▶ **DATASET RECORDS**
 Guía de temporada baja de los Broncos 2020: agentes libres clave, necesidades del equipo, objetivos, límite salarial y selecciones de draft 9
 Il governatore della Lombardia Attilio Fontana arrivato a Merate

...

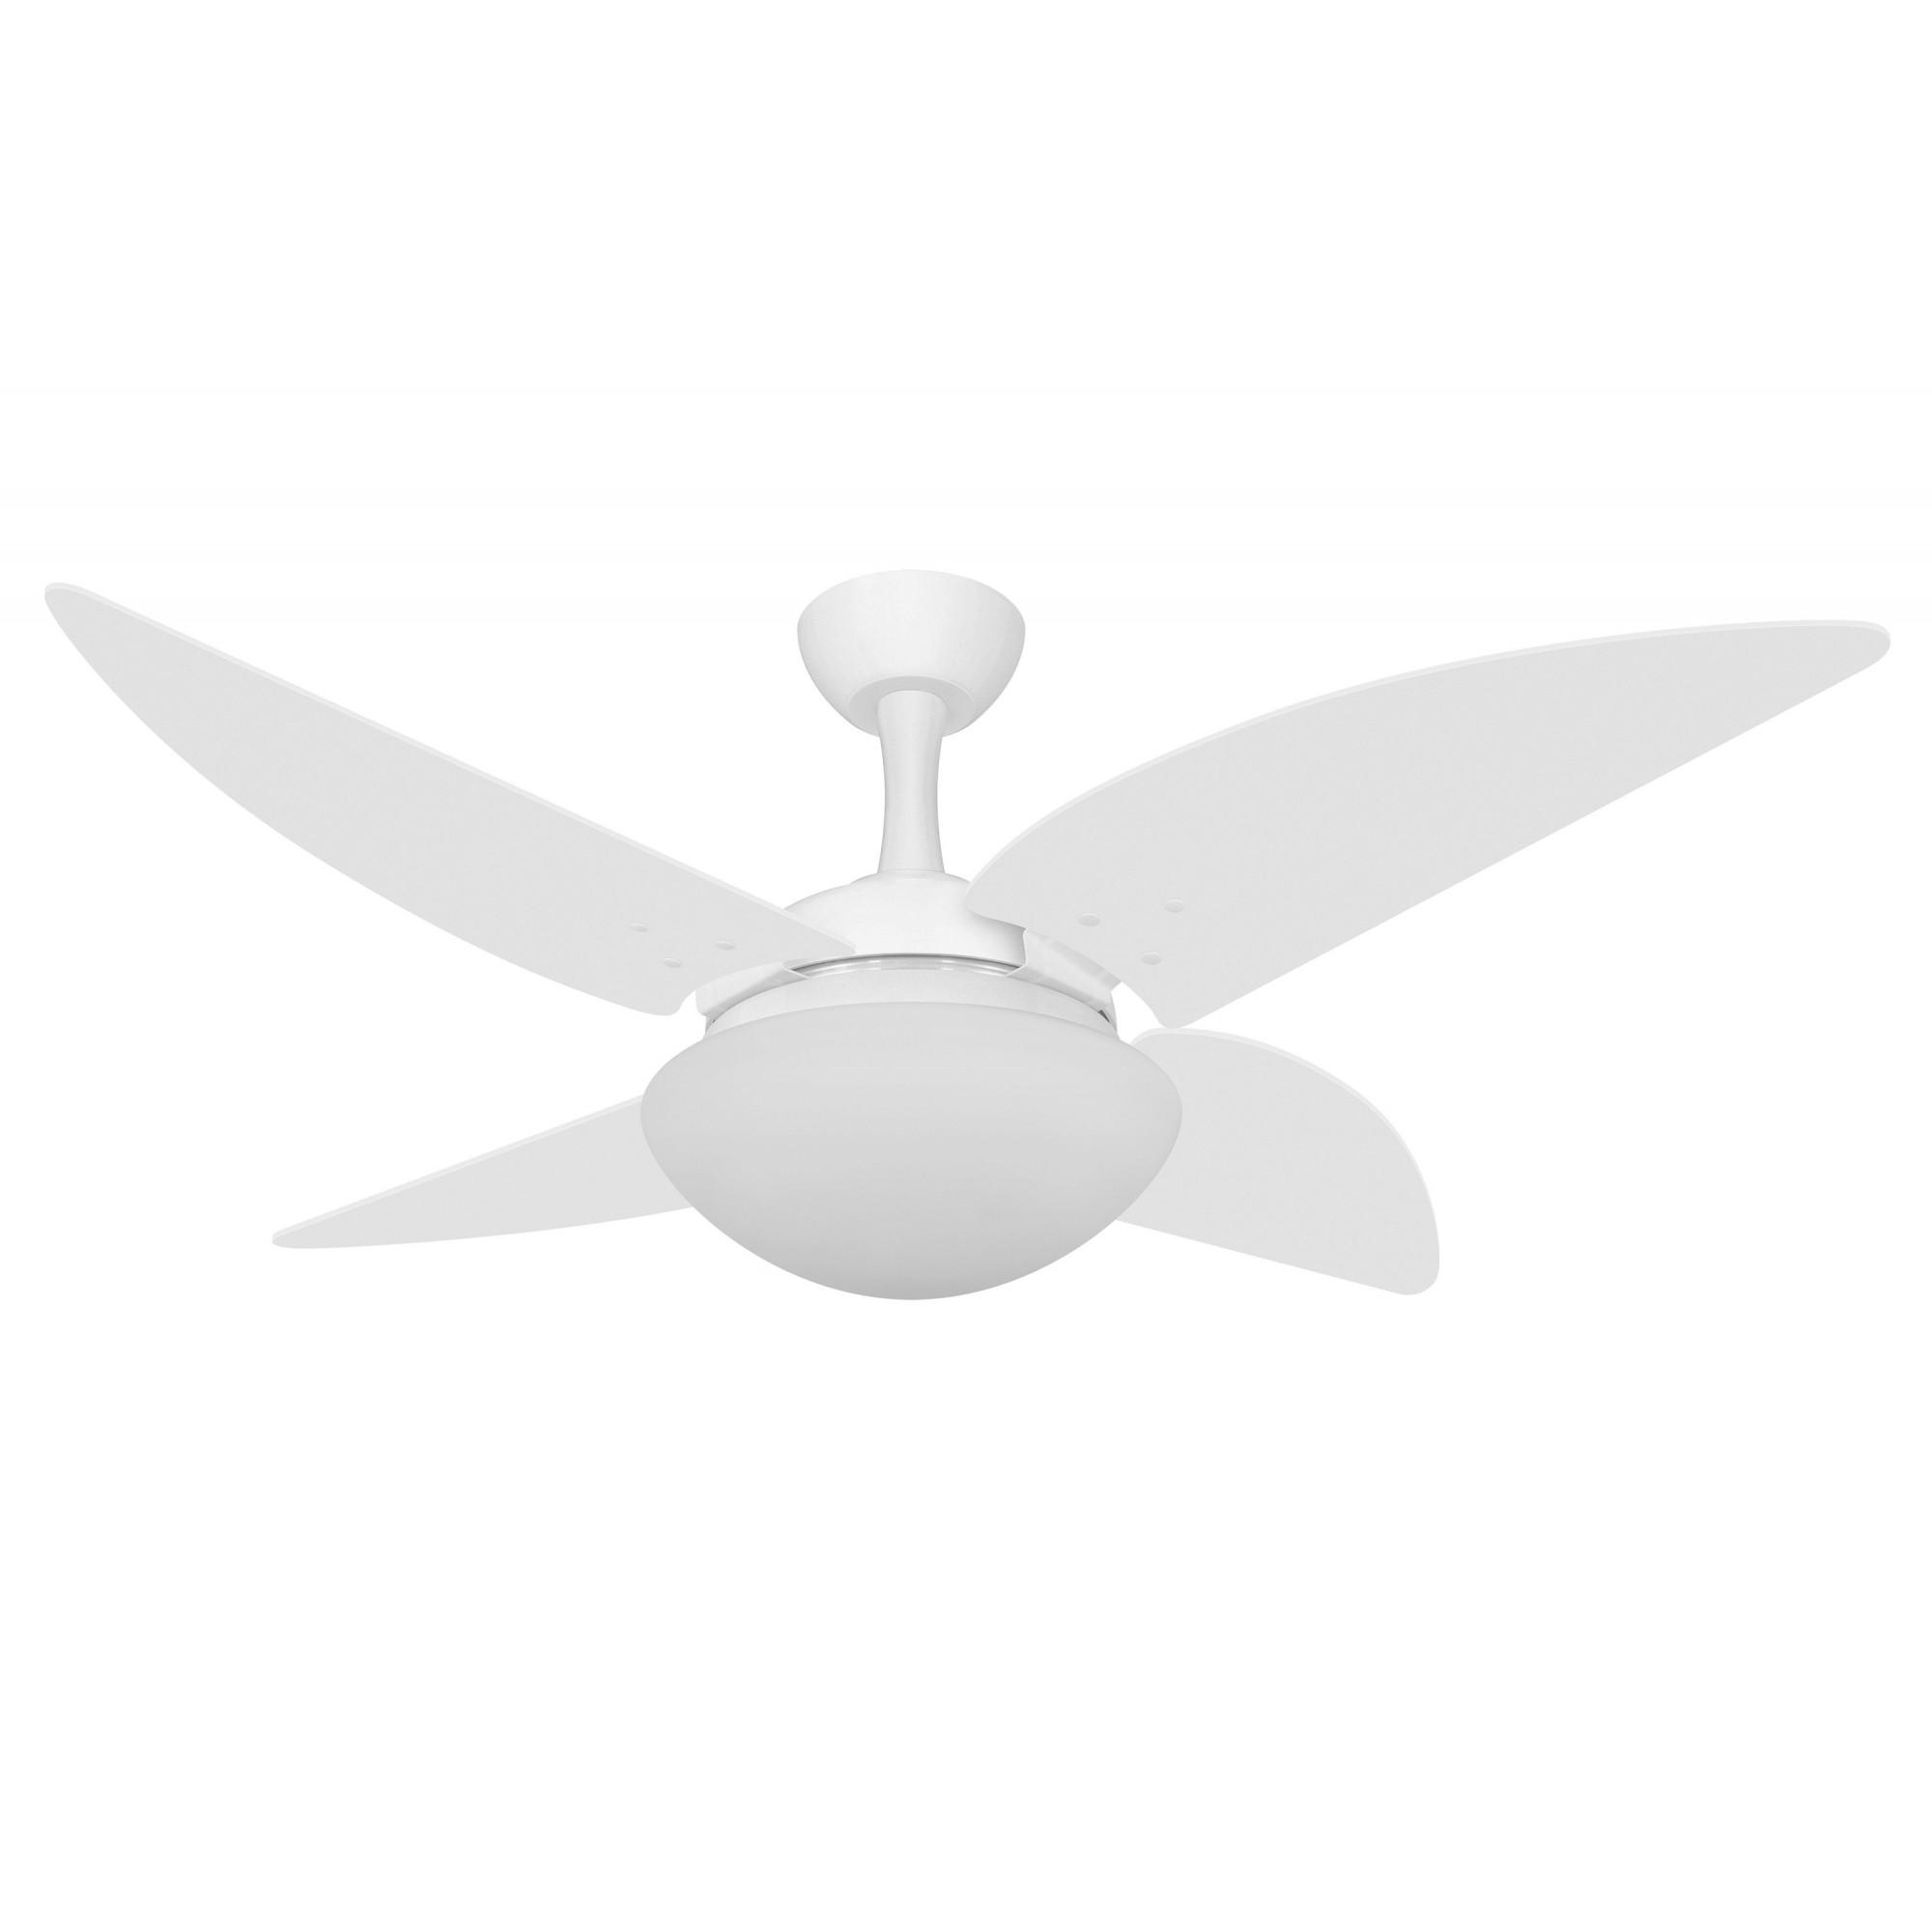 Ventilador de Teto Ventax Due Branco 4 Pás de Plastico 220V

▶ **EXERCISE REQUIREMENTS**
Return, with no change at all, every line in the entries above from the line containing "Guía de temporada" through the line containing "Il governatore della".

▶ **OUTPUT**
 Guía de temporada baja de los Broncos 2020: agentes libres clave, necesidades del equipo, objetivos, límite salarial y selecciones de draft 9
 Il governatore della Lombardia Attilio Fontana arrivato a Merate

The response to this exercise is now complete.